Красивый, сухощавый, с наружностью патриция, он сел в кабриолет, взял вожжи из рук грума и помчался по Хай-стрит. Гладкие, лоснящиеся бока лошади так и блестели, яркие огни зажигали искры в мелькающих спицах, сверкающем металле, в начищенной кокарде грума и на глянцевитом лакированном кузове.
Броуди воротился с порога, потирая руки, и, расширенными от тайного радостного возбуждения глазами глядя на Перри, который все время маячил поникшей неясной тенью в глубине лавки, закричал с непривычной словоохотливостью:
— Слышал, какой мы вели разговор? Замечательно, а? Было для чего тебе навострить твои длинные уши! Впрочем, Я думаю, добрая половина сказанного выше твоего понимания. И латыни ты не знаешь… Но ты слышал, что сэр Джон сказал насчет службы для моего сына и как он расспрашивал меня обо всей семье? Отвечай же ты, несчастный болван! — Броуди повысил голос. — Слышал, как сэр Джон Лэтта разговаривал с Джемсом Броуди?
— Слышал, сэр, — пробормотал, заикаясь, Перри.
— Видал, как он со мной обращался? — шепотом допрашивал Броуди.

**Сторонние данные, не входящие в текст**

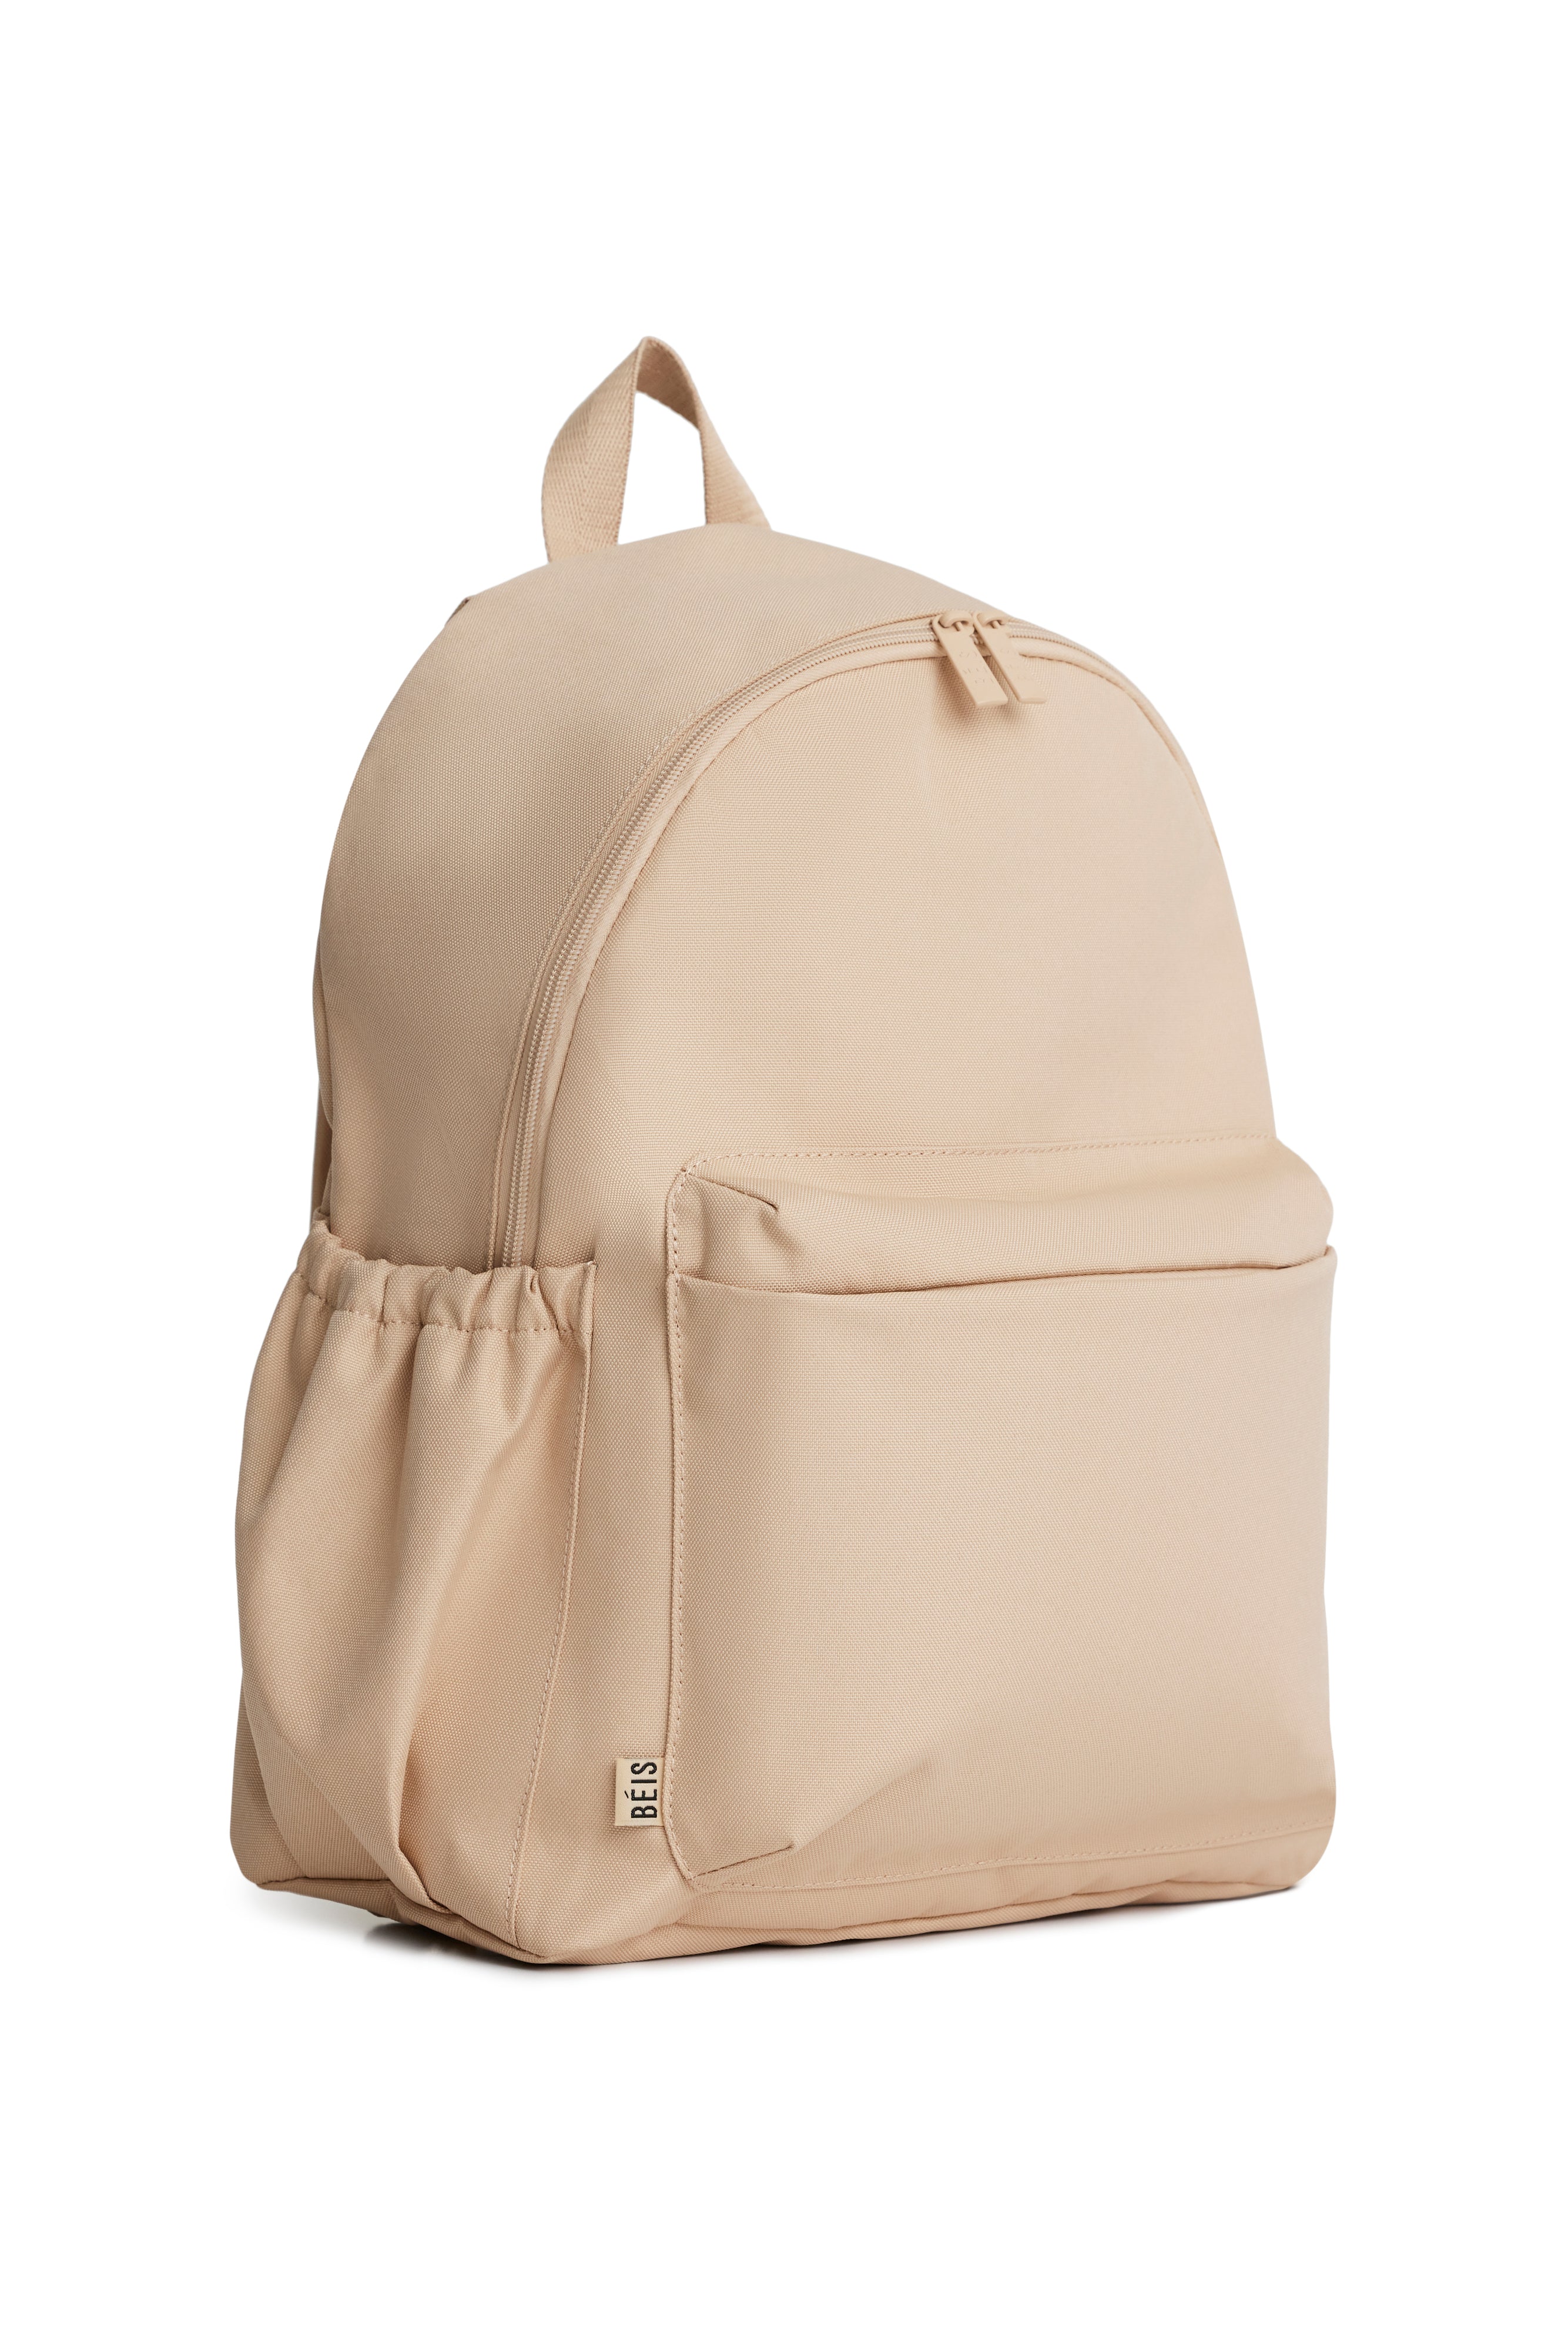 Womens & Girls PU Leather Backpack Purse Fashion Casual Shoulder Bag - Beige  3 - CN18EDNX29C | Bags, Leather backpack, Stylish backpacks

— Как же, мистер Броуди, видел, — отвечал приказчик, осмелев, так как понял, что ему не ставят в вину подслушивание. — Я не хотел… я не думал подслушивать или следить за вами, но я смотрел на вас обоих, сэр, и совершенно с вами согласен. Сэр Джон хороший человек. Он был очень добр к моей матери, когда отец умер так внезапно. Да, конечно, мистер Броуди, у сэра Джона для всякого найдется и доброе слово, и помощь.
Броуди с презрением посмотрел на него.
— Тьфу! — бросил он пренебрежительно. — Что за бред ты несешь, безмозглый дурак! Ничего ты не понял, червяк несчастный!
Не обращая внимания на убитый вид Перри после этой реплики и сохраняя все ту же дерзко-высокомерную и повелительную мину, он поднялся обратно к себе в контору, сел в кресло и, собирая листы утренней газеты, смотрел на них невидящим взглядом и тихонько бурчал про себя, как человек, который шутливо и в то же время серьезно тешится тщательно скрытой заветной тайной.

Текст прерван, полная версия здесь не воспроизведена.